Supplied data.
* * * * * * * * *
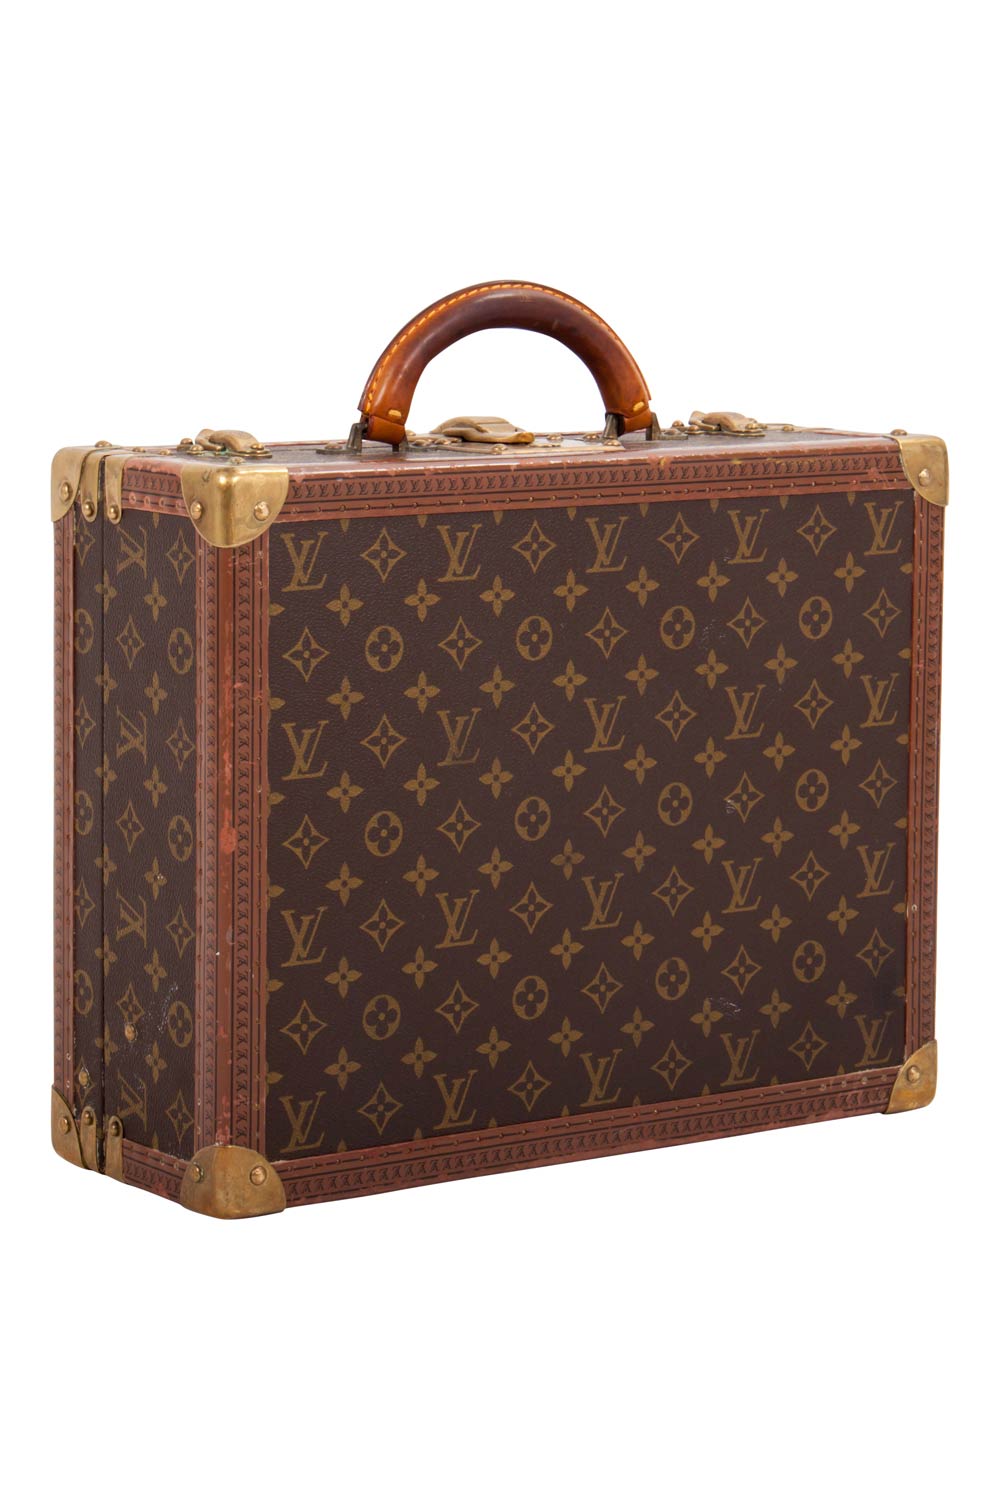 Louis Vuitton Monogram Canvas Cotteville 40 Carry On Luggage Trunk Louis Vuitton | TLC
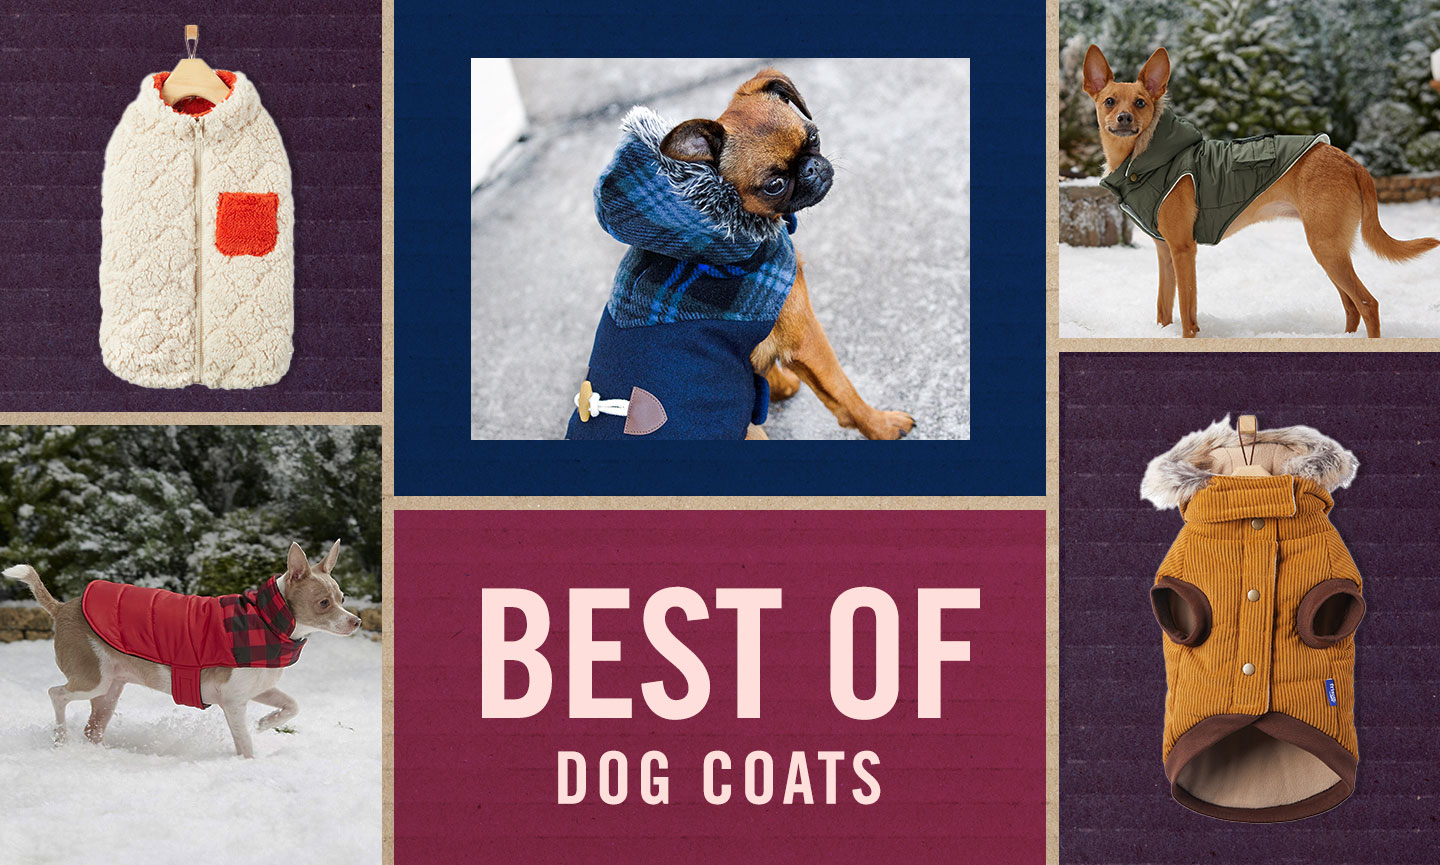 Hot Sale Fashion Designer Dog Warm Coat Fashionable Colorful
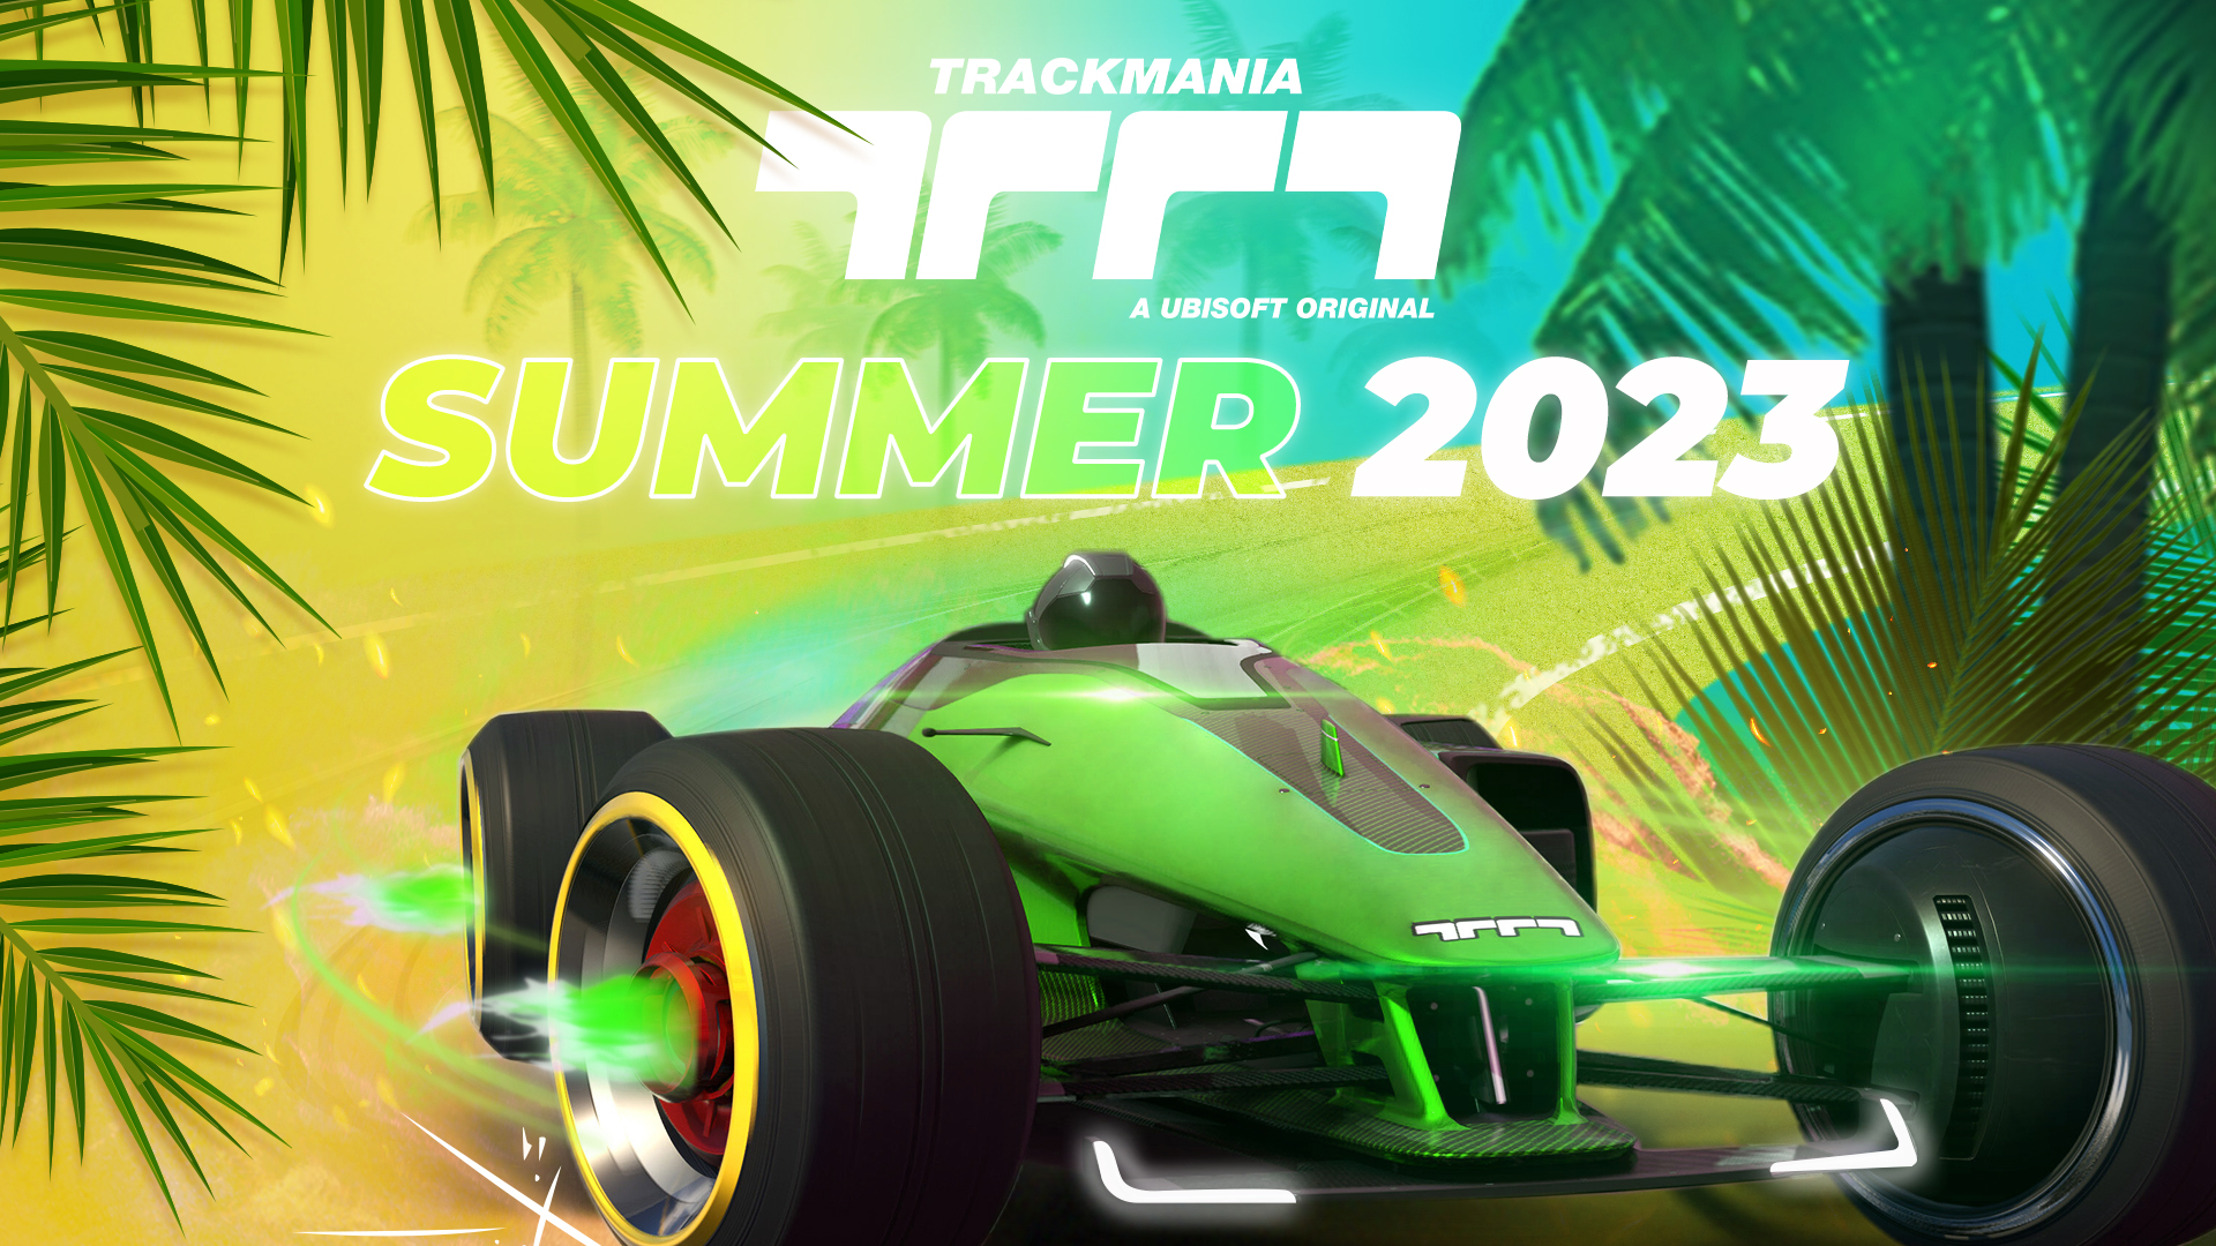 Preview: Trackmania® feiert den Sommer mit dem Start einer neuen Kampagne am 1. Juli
* * * * * * * * *
What to do.
Only the lines from the one holding "Hot Sale Fashion" through the end of the data are to be printed, exactly as they stand and with no pictures.

Answer to the exercise.
 Hot Sale Fashion Designer Dog Warm Coat Fashionable Colorful
 Preview: Trackmania® feiert den Sommer mit dem Start einer neuen Kampagne am 1. Juli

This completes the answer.